Когда Лера уехала куда-то на недельку, Рен забыл запомнить куда, его атаковала тишина. Она была живой и щемящей. Она была на редкость стойкой, все обыденные звуки, шум, доносившийся с улицы, и даже включённое радио не могли нанести ей никакого урона. Рен пытался изгнать её, трогая струны оставшейся от Криса гитары, листая радиоволны, слишком шумно передвигаясь по квартире, но она не исчезала. Она подавляла его, сковывала движения и мысли, тишина смотрела на него, безразлично и пугающе, как стихия, которая вот-вот уничтожит всё, что так долго не менялось, и которой нет никакого дела до того, что она разрушит. На третий день Рен не справился и сбежал от неё. Он садился в случайные трамваи, ездил по городу, пока не перестал ориентироваться, после чего путём долгих поисков обнаружил небольшой, но уютный сквер, с ещё не окончательно окрепшими молодыми деревьями. Там он улёгся на ковёр вянущих опавших листьев и стал глядеть на небо. В нём родилось и нарастало ощущение встречи, и он терпеливо ждал, когда явится тот, кто должен явиться.

Наконец появилась тень, и кто-то почти невежливо уселся рядом с ним.

- И что же ты пытаешься там разглядеть, - спросил грубоватый женский голос. - Для человека, смотрящего в никуда, у тебя больно осмысленный взгляд.

- А у тебя больно оригинальный способ знакомиться для девушки с таким маникюром.

По представлениям Рена, так выглядели девушки, регулярно посещающие салоны красоты, - хорошо одетая, причёсанная и ухоженная, - такие не садятся в парке на траву с незнакомыми парнями.

Рен приподнялся на локте. Она была очень, очень юная, скорее всего ещё школьница.

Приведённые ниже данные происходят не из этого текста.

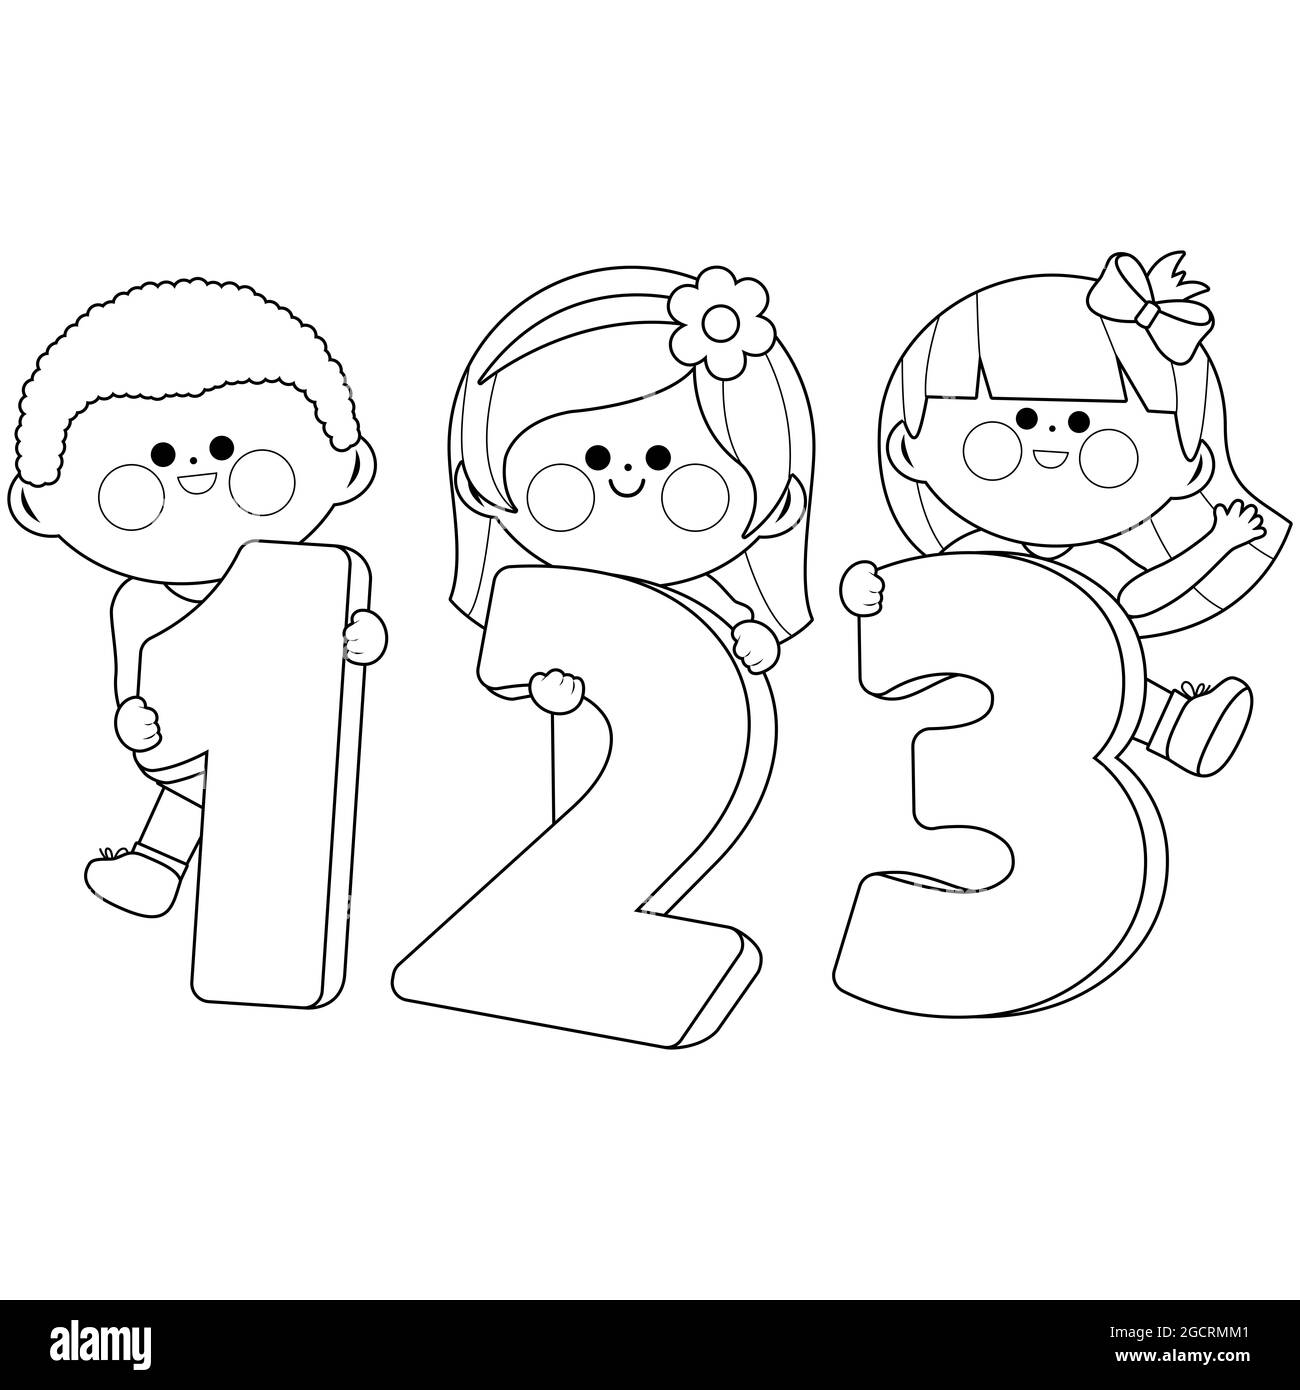 Niños y niñas que tienen números 123. Página para colorear en blanco y negro. Foto de stock

- Это моё дело, - ответила она обиженно. - Меня зовут Лиза.

- Я Рен.

- Интересно, какое тут полное имя?

- Полнее некуда.

- О да, целых три буквы. Ты, наверное, сбежал из дома, потому что тебя достали предки? Или, может, с девушкой своей поссорился?

Она сидела рядом с ним, глядя на него в упор и заставляя удивляться её юности, свежести её кожи, ясности взгляда. Она была не красивая, не хорошенькая даже, пожалуй, многие девушки опечалились бы, надели их природа столь неприметными чертами лица. Рен ждал какого-нибудь ещё знака, что не просто так она нашла его здесь, но Лиза болтала о всякой ерунде, и он разочарованно покинул её, даже не спросив номера телефона. Вернувшись домой, он понял - тишина отступила.

Он погрузился в картину с головой, он обрёл внезапно вдохновение, которого прежде не ощущал. Он слушал лёгкие темы Моцарта в классическом исполнении, но часто забывал об игравшей музыке. Он водил кистью по своему холсту, добавляя всё новые и новые штрихи, которых так не хватало, а он и не замечал прежде, и море оживало под его мазками, и небо оживало, и становилось настоящим, настолько настоящим, что, казалось, сделай шаг, и окажешься далеко, по ту сторону, и оставишь следы на воде и облаках. Рен ощущал необычайно близким конец своей работы. Он был уже почти уверен в том, что картина станет его дверью.